I’m reminded of Jehoshaphat facing overwhelming odds against three enemy armies. His prayer reveals the heart of the hero’s journey: “We do not know what to do, but our eyes are on you.” That’s it! That’s the secret! The greatest heroes in God’s kingdom aren’t those who accomplished the most but those who surrendered the most. They aren’t the strongest but the most dependent. They aren’t the most talented but the most available. When you feel least equipped for the journey before you, you’re in the perfect position for God’s power to be displayed.
So what threshold is Christ asking you to cross today? What comfort zone is He calling you to leave? What conversation have you been avoiding? What gift have you been hiding? What dream have you been dismissing? What forgiveness have you been withholding? Whatever it is, step out—not because you are sufficient, but because He is. Your hero’s journey awaits. And the story God wants to tell through your life is more beautiful, more powerful, and more redemptive than anything you could write for yourself.

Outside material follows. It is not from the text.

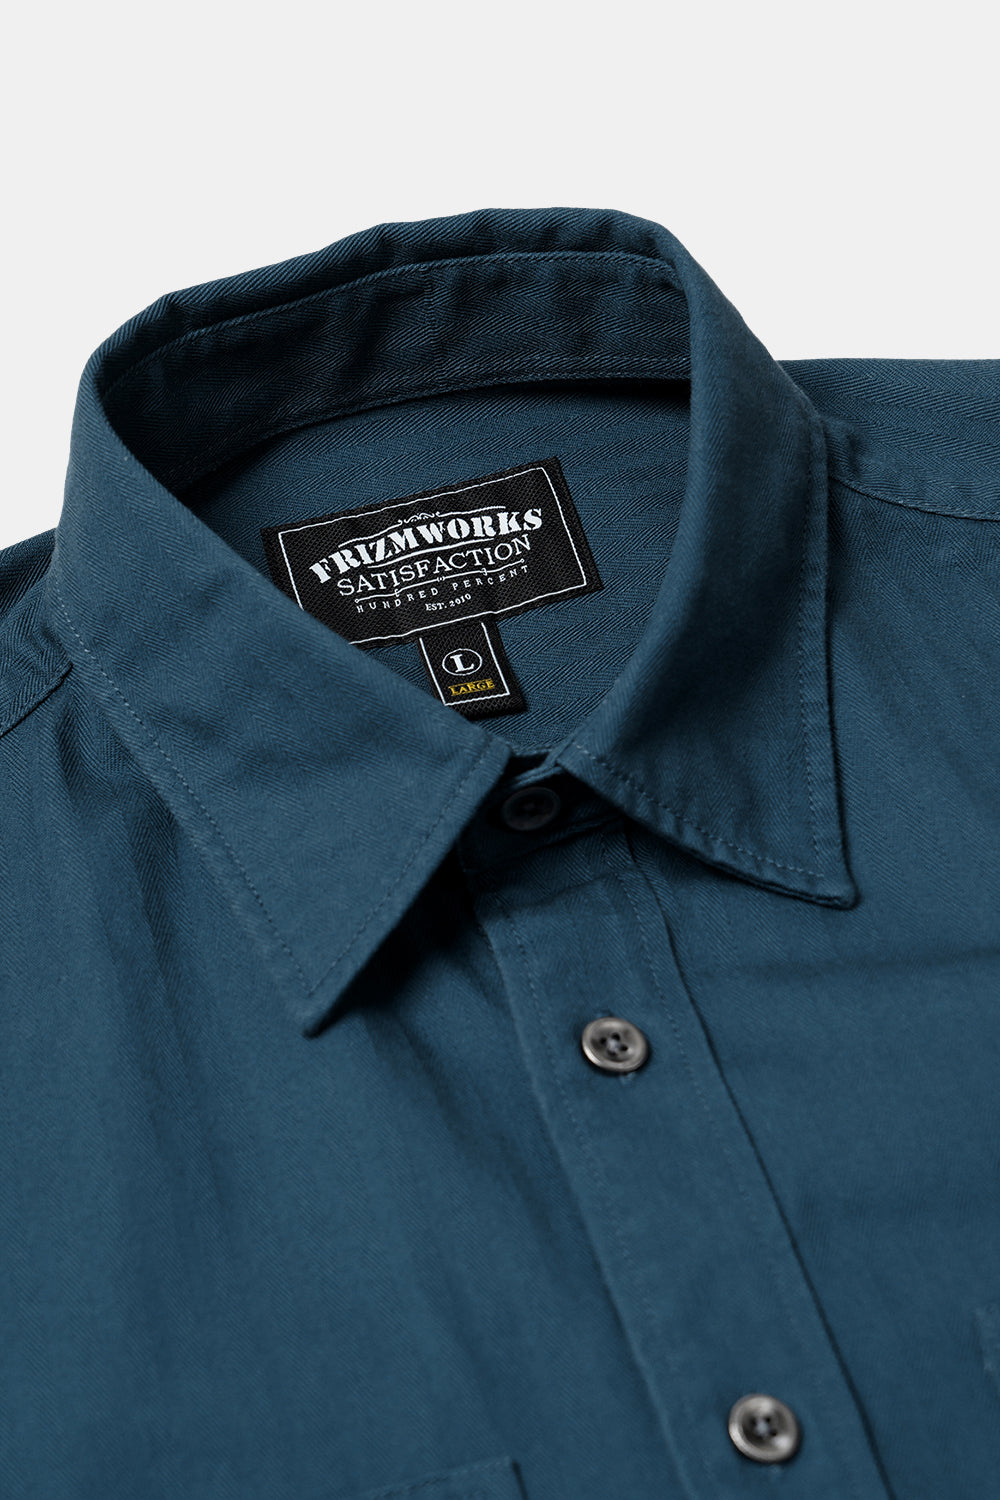 Frizmworks HBT Carpenter Pocket Work Shirt Jacket (vintage blå)

In the end, we’ll discover that all our individual journeys are threads in the grand tapestry of God’s ultimate hero story—the incarnation, death, and resurrection of Jesus. Christ Himself embodied the ultimate hero’s journey: leaving heaven’s glory, crossing the threshold into human flesh, facing the ultimate trial at Calvary, experiencing the transformation of resurrection, and returning to heaven carrying humanity’s redemption with Him. And the beauty of this cosmic story is that He invites us not just to witness it but to participate in it. As we journey with Him, we become like Him. As we face our trials with Him, we share in His victory. As we die to self with Him, we experience His resurrection power. This is the magnificent invitation before us: to live not just any story, but the greatest story ever told.